━━ DATASET CONTENT ━━

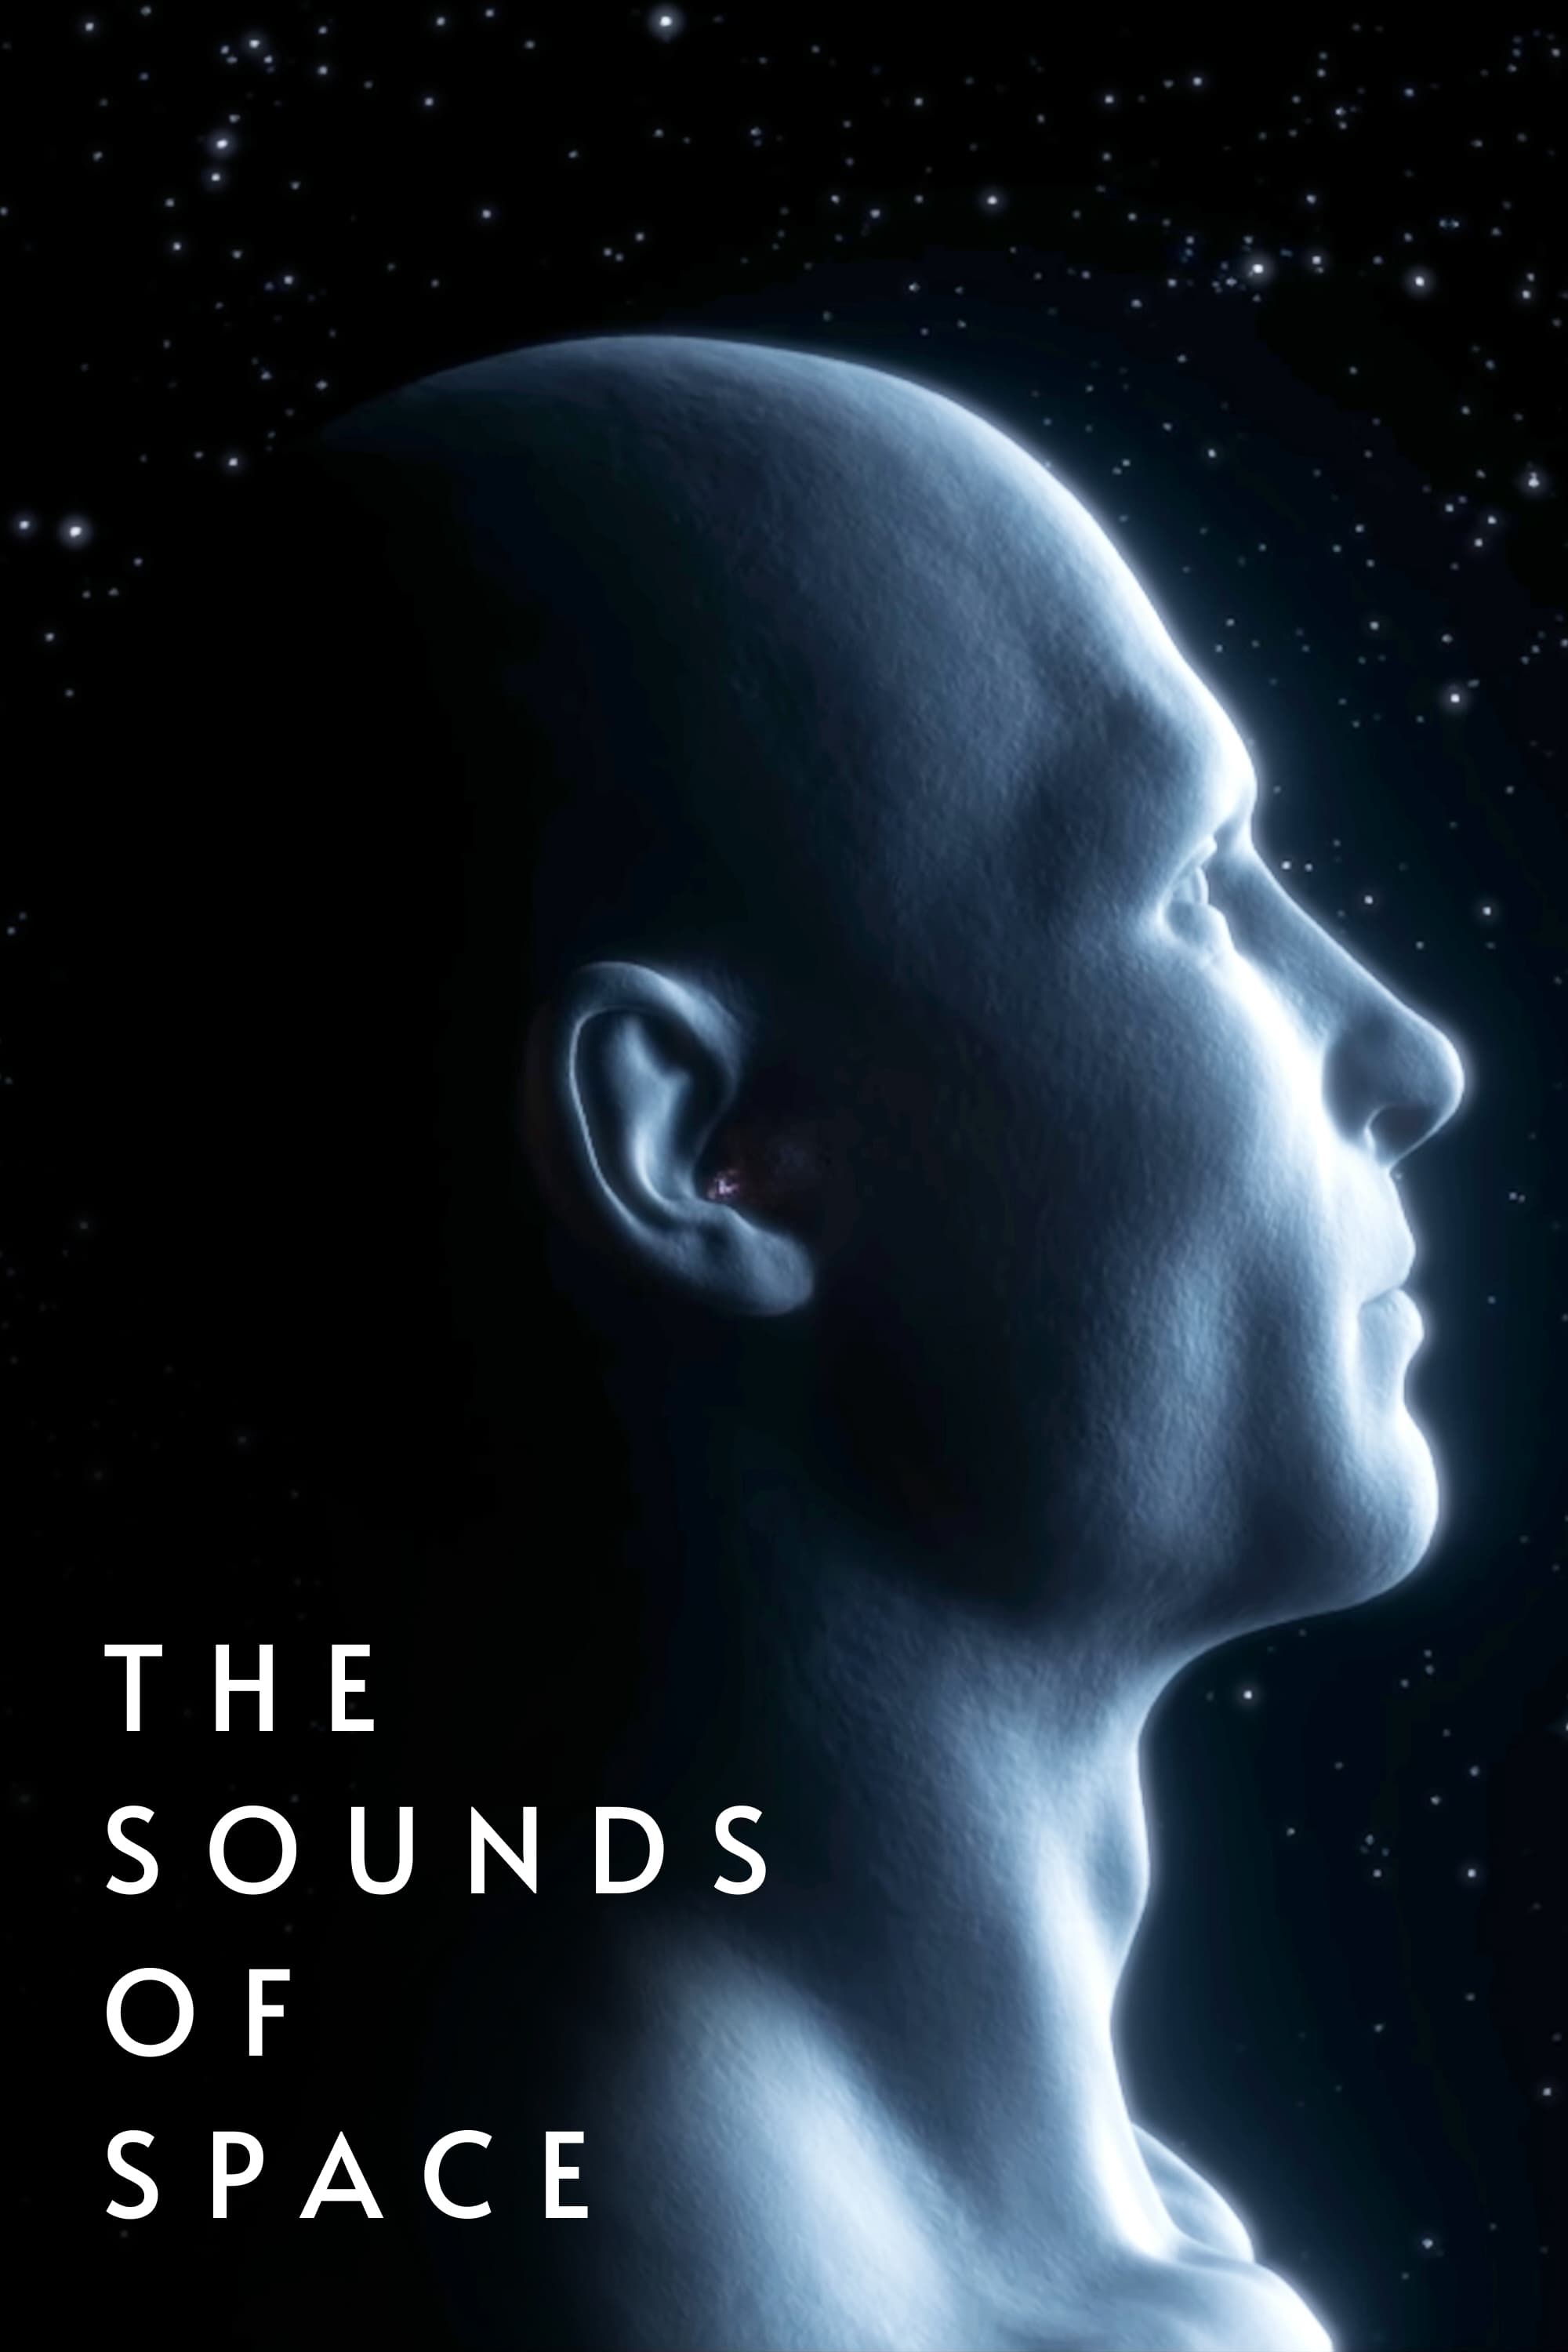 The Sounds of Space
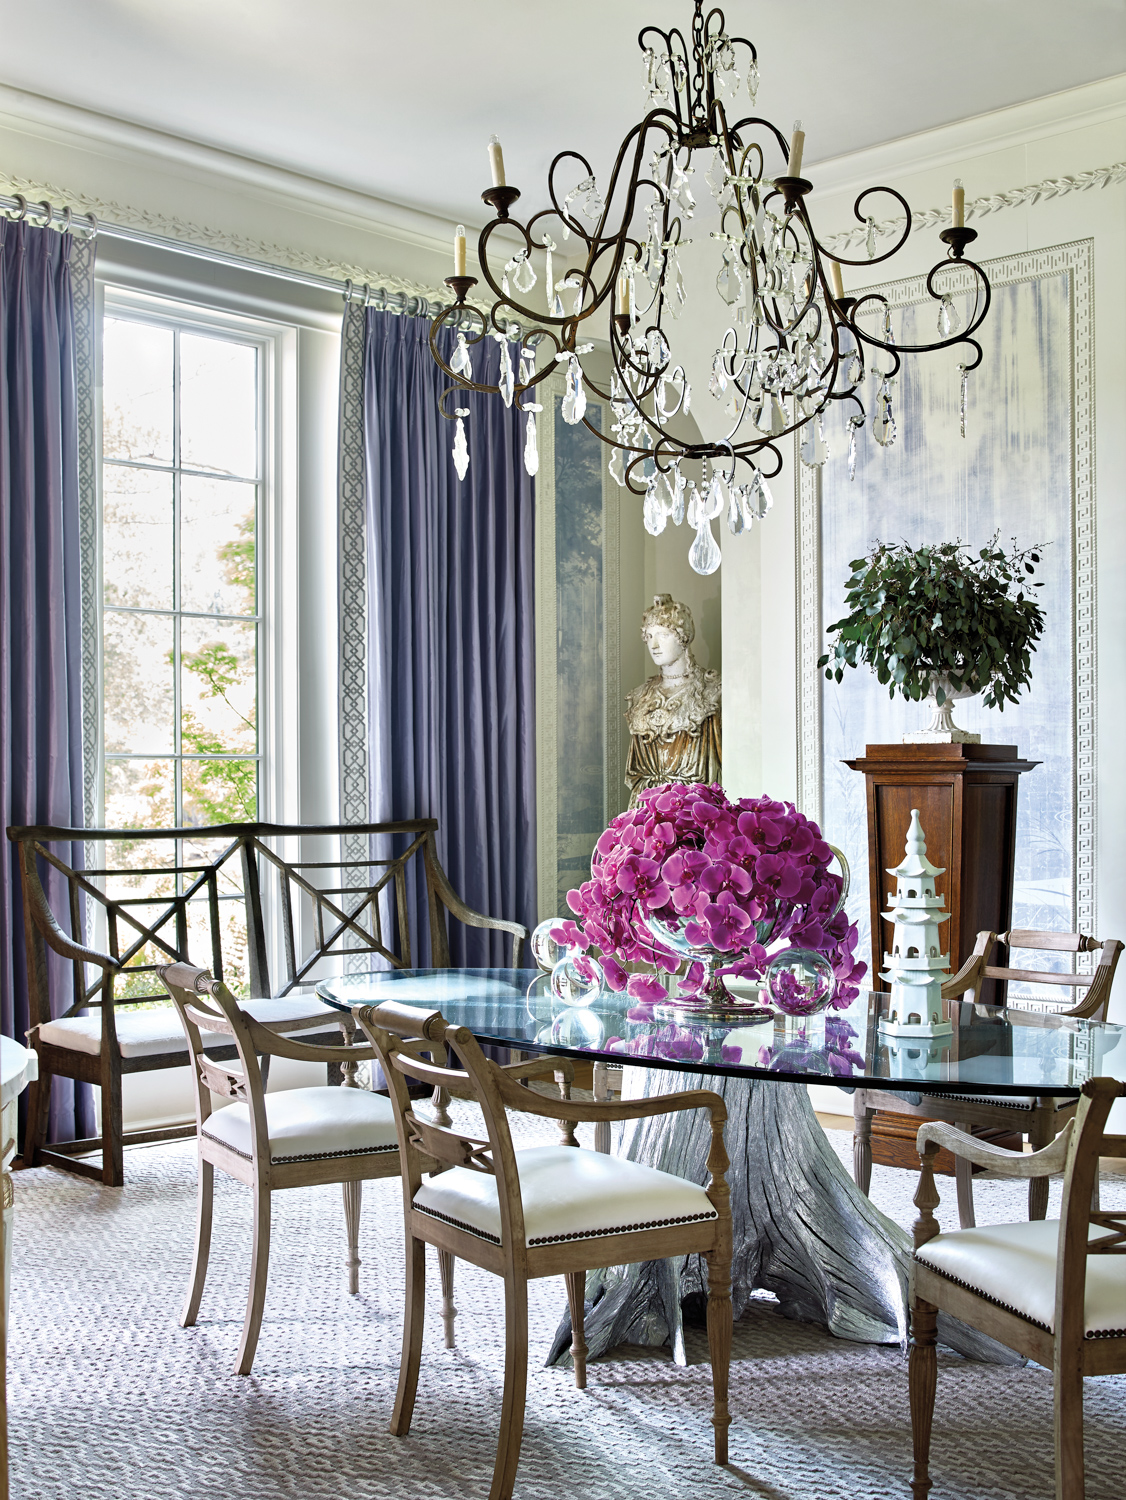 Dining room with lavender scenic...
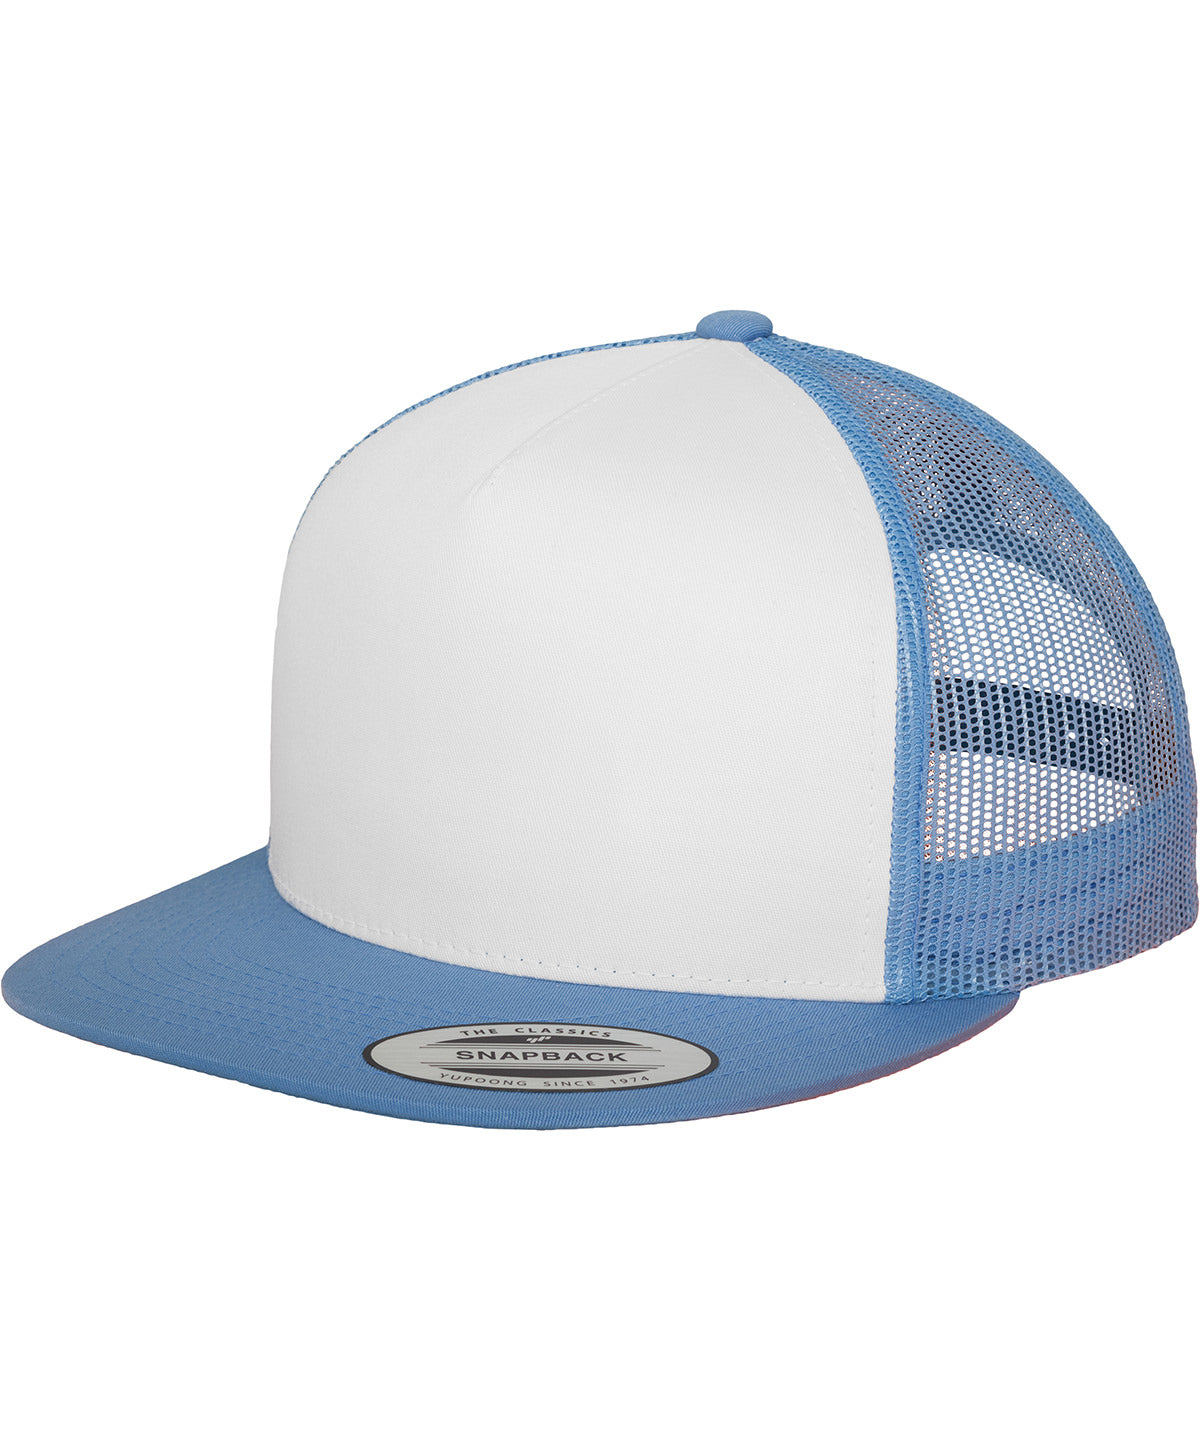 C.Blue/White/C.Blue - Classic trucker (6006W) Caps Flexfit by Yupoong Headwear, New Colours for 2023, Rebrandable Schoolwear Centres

━━━

WORK INSTRUCTION
Repeat each line of the material exactly, please, and skip every picture.

REPLY TO THE EXERCISE
 The Sounds of Space
 Dining room with lavender scenic...
 C.Blue/White/C.Blue - Classic trucker (6006W) Caps Flexfit by Yupoong Headwear, New Colours for 2023, Rebrandable Schoolwear Centres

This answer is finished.